Page MenuHomePhabricator

Length of dump text and length field in API do not match
Closed, DeclinedPublic

Description

Length of dump text and length field in API do not match (even after UF8 encoding) due to inconsistent line break characters and beginning/ending whitespace.
Note that this results in false negatives when detecting identity reverts

Current workaround:
Strip whitespace from the beginning/end and replace all "\r\n" (windows linebreak) with "\n". With this approach, you get acceptable (99%), but still imperfect consistency between API and dump.


Version: unspecified
Severity: minor

Details

Reference
bz27773

Event Timeline

bzimport raised the priority of this task from to Medium.Nov 21 2014, 11:27 PM
bzimport set Reference to bz27773.

Are there any specific examples?

Are whitespace mismatches due to problems parsing the way whitespace is encoded in the XML, or due to the XML dumps actually containing incorrect whitespace?

(The dumps may well contain incorrect whitespace, most likely due to inconsistencies in parsing the previous whitespace when doing multiple passes combining text from previous dumps with new stub dumps, etc.)

(In reply to comment #1)

Are there any specific examples?

Are whitespace mismatches due to problems parsing the way whitespace is encoded
in the XML, or due to the XML dumps actually containing incorrect whitespace?

Do the XML dumps use the xml:space="preserve" attribute?

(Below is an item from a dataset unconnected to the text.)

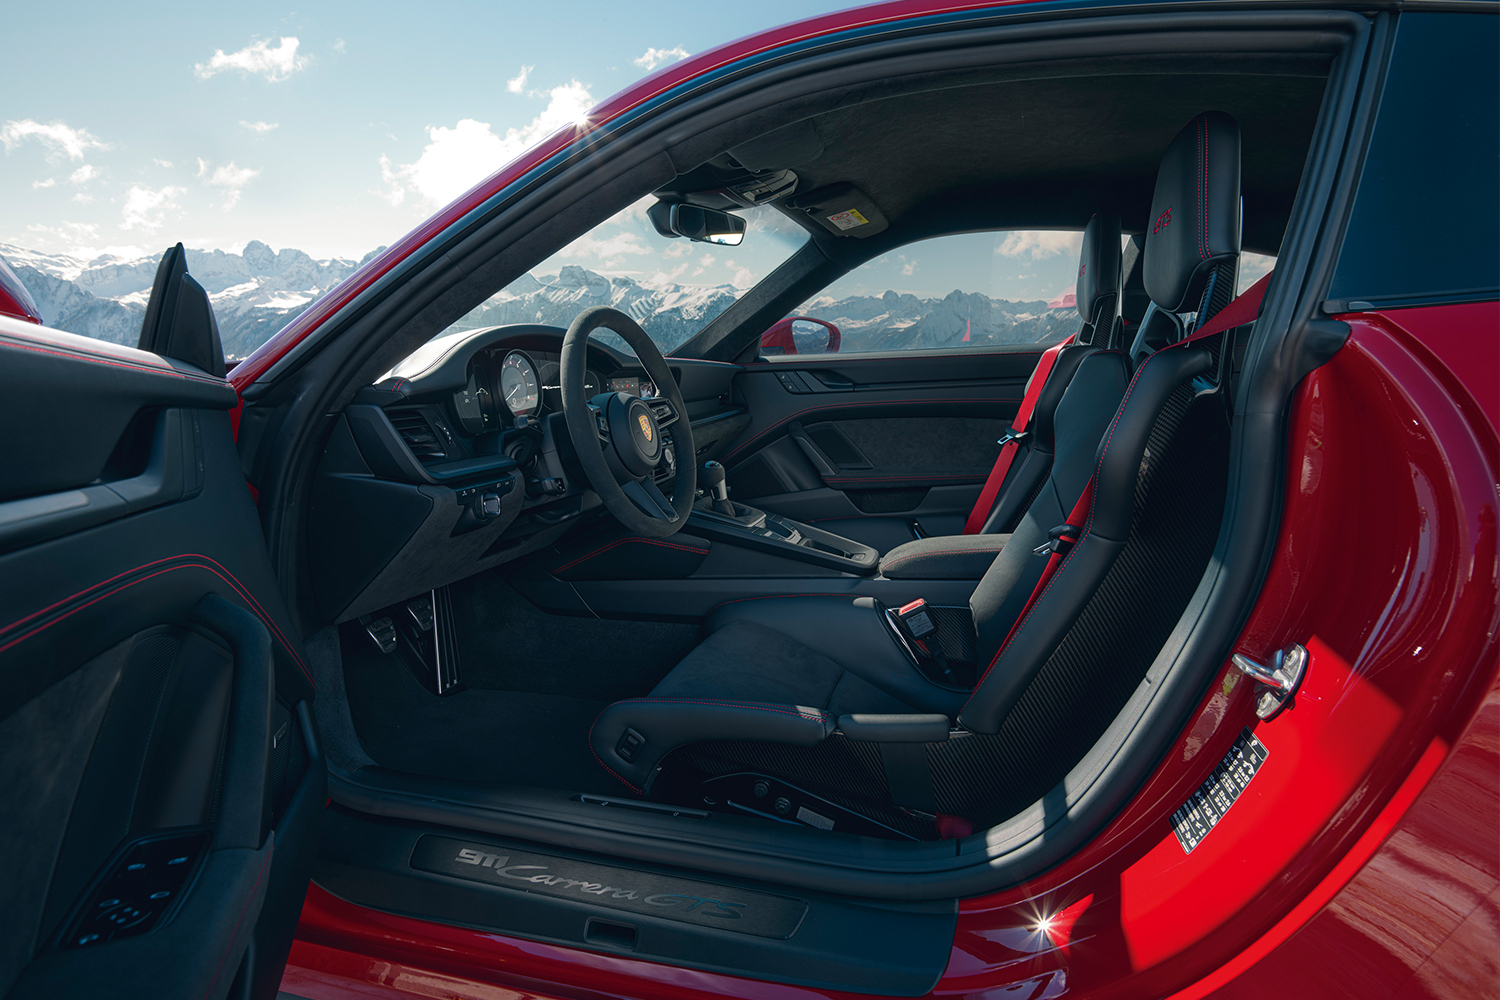 The front two seats of a 2022 Porsche 911 Carrera 4 GTS as seen from the open door of the driver's side

I would like a specific page ID, revision ID and dump file to look at, if someone can point me to one.

Anarchism(12)
RevisionId: 233194

From the 2010-01-30 XML dump at the end of the 233194 revision (notice the line breaks before the closing </text> tag)

[...]
/Talk &lt;br&gt;

/Todo &lt;br&gt;

[[Anarchy/Talk]] [http://www.wikipedia.com/wiki.cgi?action=history&amp;id=Anarchy Anarchy History] (The content of Anarchy and Anarchism have since been merged into this version)

</text>

From the API (http://en.wikipedia.org/w/api.php?action=query&prop=revisions&revids=233194&rvprop=content&format=jsonfm) (notice that the string ends right after the last non-whitespace character)

{
"query": {

		"pages": {
			"12": {
				"pageid": 12,
				"ns": 0,
				"title": "Anarchism",
				"revisions": [
					{
						"*": "''Anarchism'' is <removed most of the text here -Aaron Halfaker> (The content of Anarchy and Anarchism have since been merged into this version)"
					}
				]
			}
		}

}

}

(Yes, the XML files have <text xml:space="preserve"> in them.)

I had a look at the output we get from ExternalStore::fetchFromURL()

The text we get back has a newline after the final parenthesis.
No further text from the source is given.